Binding rvalues to ref parameters redux

bitwise bitwise.pvt at gmail.com
Mon Apr 1 16:43:15 UTC 2019


On Thursday, 28 March 2019 at 16:07:17 UTC, Nicholas Wilson wrote:
>
>> It seems like a waste to have a keyword that's just an alias 
>> for two others (in = const scope), so why not put 'in' to 
>> better use, like to qualify a ref parameter as accepting 
>> rvalues, or to outright replace 'ref' for rvalue-ref accepting 
>> parameters?
>
> Code breakage.

In this case, I think it's worth it.

Dlang's documentation has warned against using 'in' for YEARS:
https://dlang.org/spec/function.html#param-storage

Any code using 'in' right now deserves to break. (but actually, 
that may not be necessary)

I think 'in' could actually be used without changing it's meaning 
at all. Technically, it is exactly what's needed:

> struct S { }
>
> // void func(const scope ref S s)
> void func(in ref S s) {
>    // ....
>}

If 's' is an rvalue, then the justification for each qualifier 
would be:

const - Modifying 's' has no effect. Allowing it is misleading 
and should be an error.
scope - Temporary arguments should not be allowed to escape, for 
memory safety.
ref - Large objects like 4x4 matrices should be passed by ref for 
efficiency.

So again, 'in' seems like the correct choice for qualifying 'ref' 
parameters as taking rvalues.

As far as using const, I don't really think it's that bad.

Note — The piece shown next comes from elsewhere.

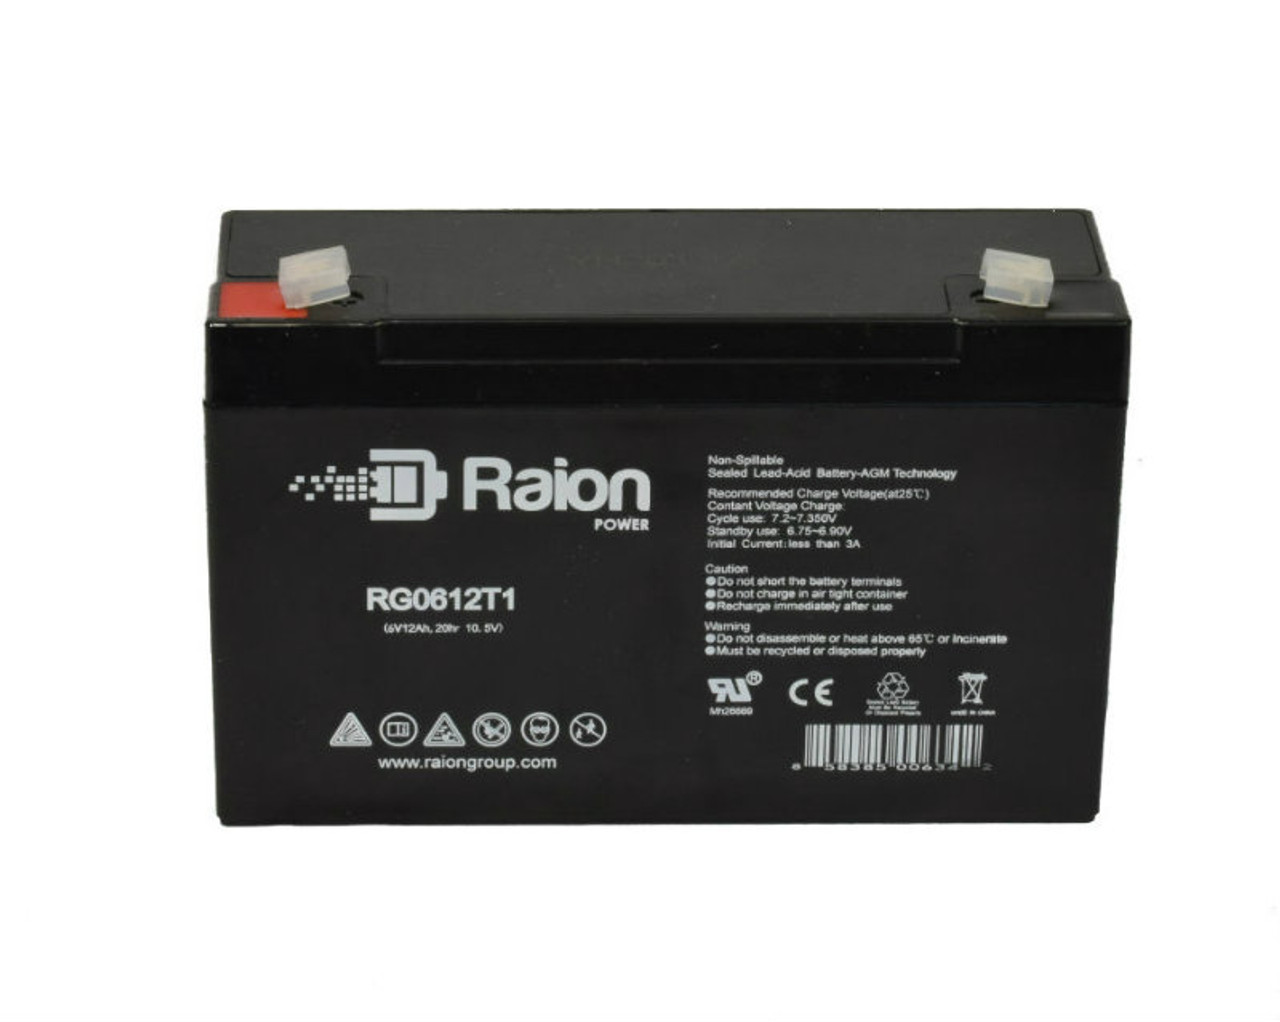 Raion Power RG06120T1 SLA Battery for Chiway SJ6V12Ah

If I had to have my rvalues qualified with const, that would be 
fine. To be honest, I don't think I've written any C/C++ code 
that casts const away in years, and would consider it 
unjustifiable. Dealing with legacy code is the only reason I can 
think of that someone may legitimately need to cast const away, 
which is fine though, because if D's const is used with legacy 
code (Extern C or C++ code), you can cast it all you want (to the 
same extent you would in your C code) because you know that 
what's underneath can't possibly be immutable, as C/C++ have no 
such concept.

So finally, I would suggest that rvalues only bind to 'in ref'.